Task statement>
Could you give again exactly, and only, the lines from the one holding "hoyennoticia.com, A la" through the end of the data, both ends included, with pictures left out?

Supplied information>
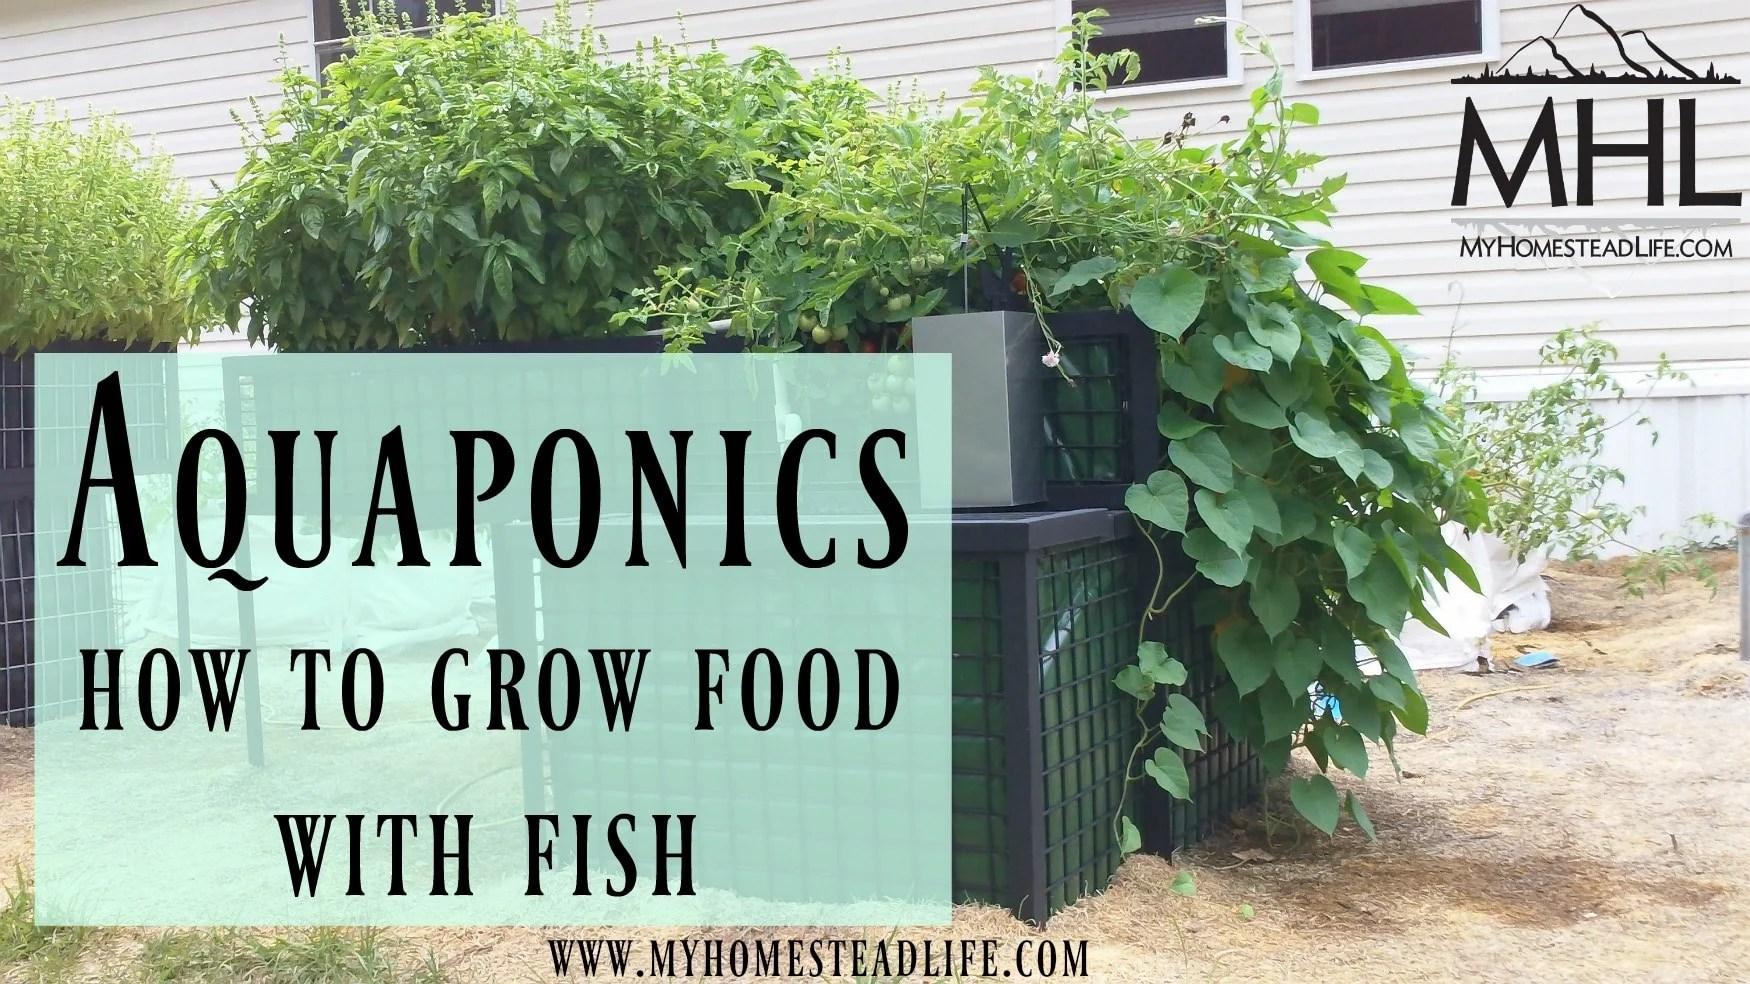 Aquaponics- how to Grow Food With Fish
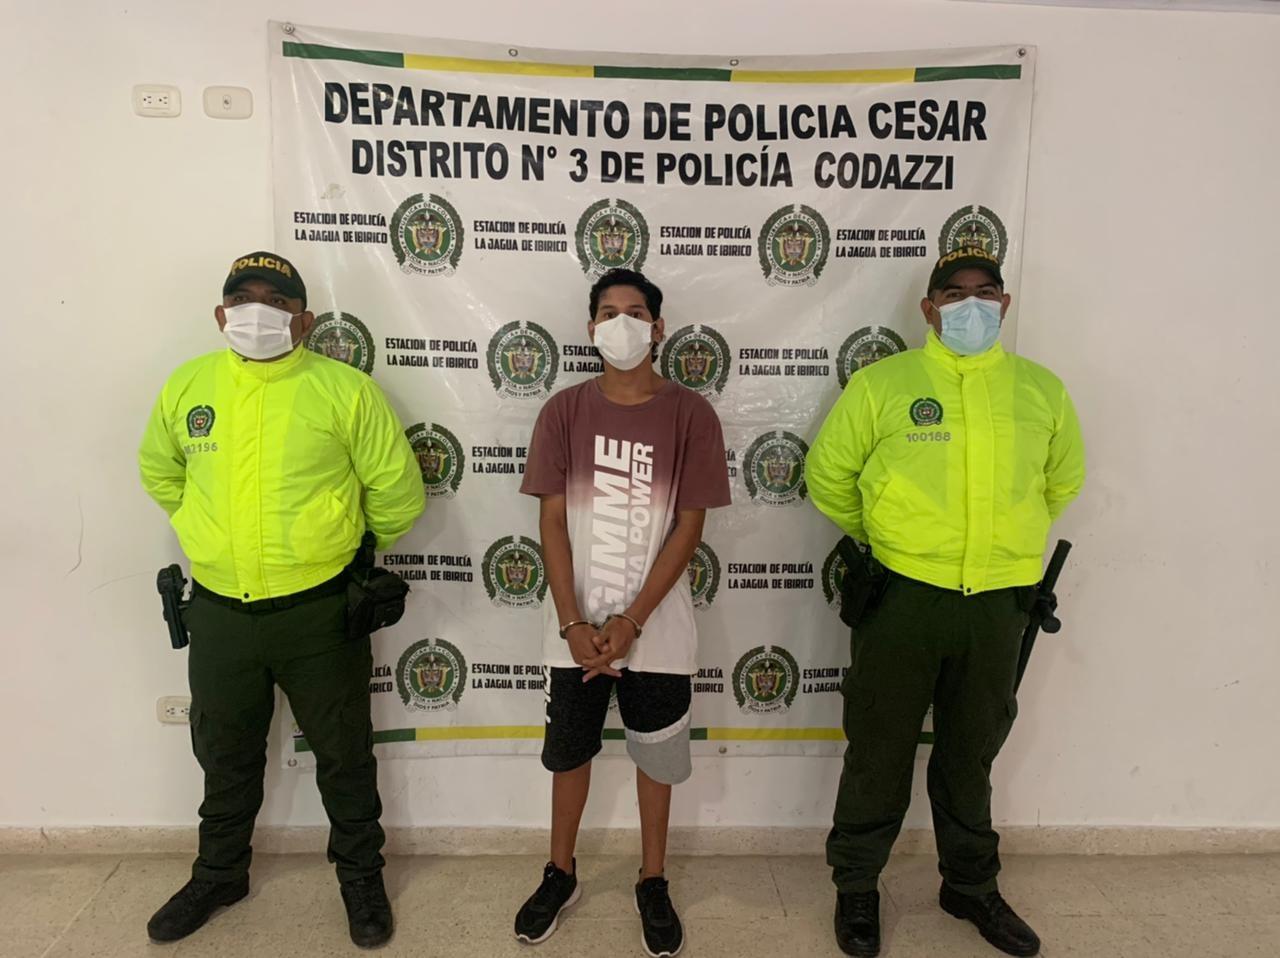 hoyennoticia.com, A la cárcel 'El Cole' de Becerril, por tentativa de homicidio
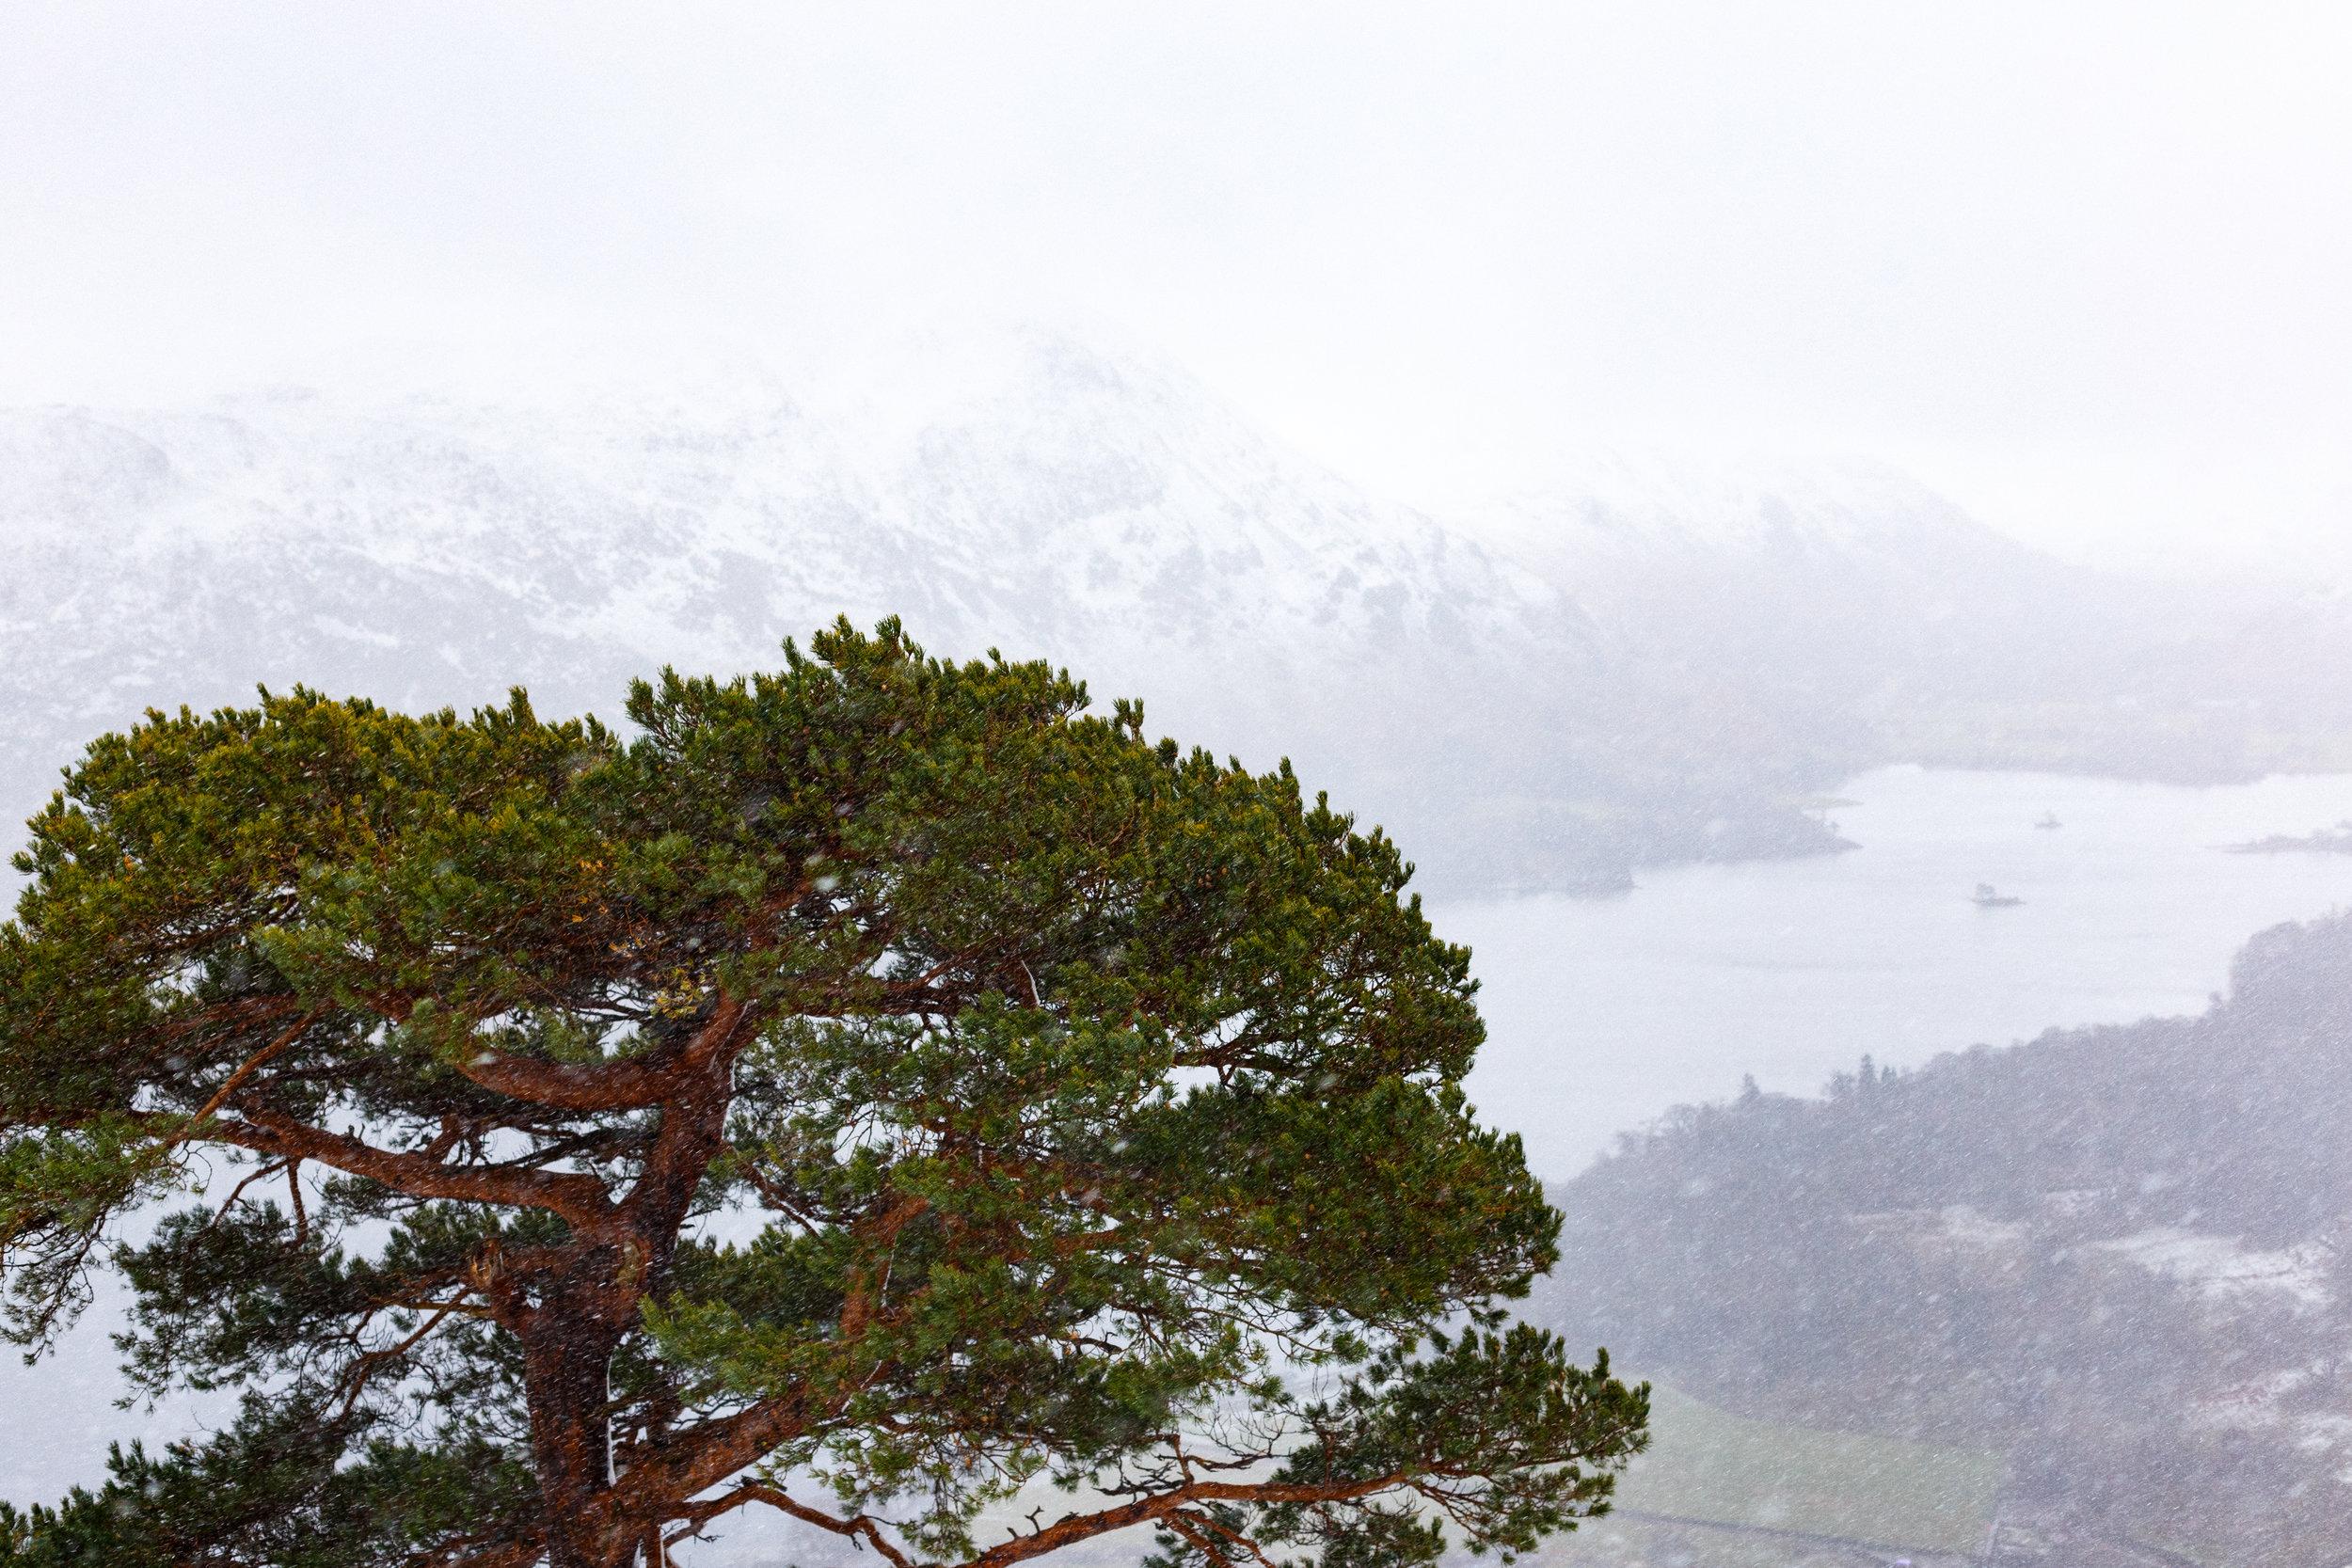 The Glencoyne Pine in Brutal conditions

Result for this exercise>
 hoyennoticia.com, A la cárcel 'El Cole' de Becerril, por tentativa de homicidio
 The Glencoyne Pine in Brutal conditions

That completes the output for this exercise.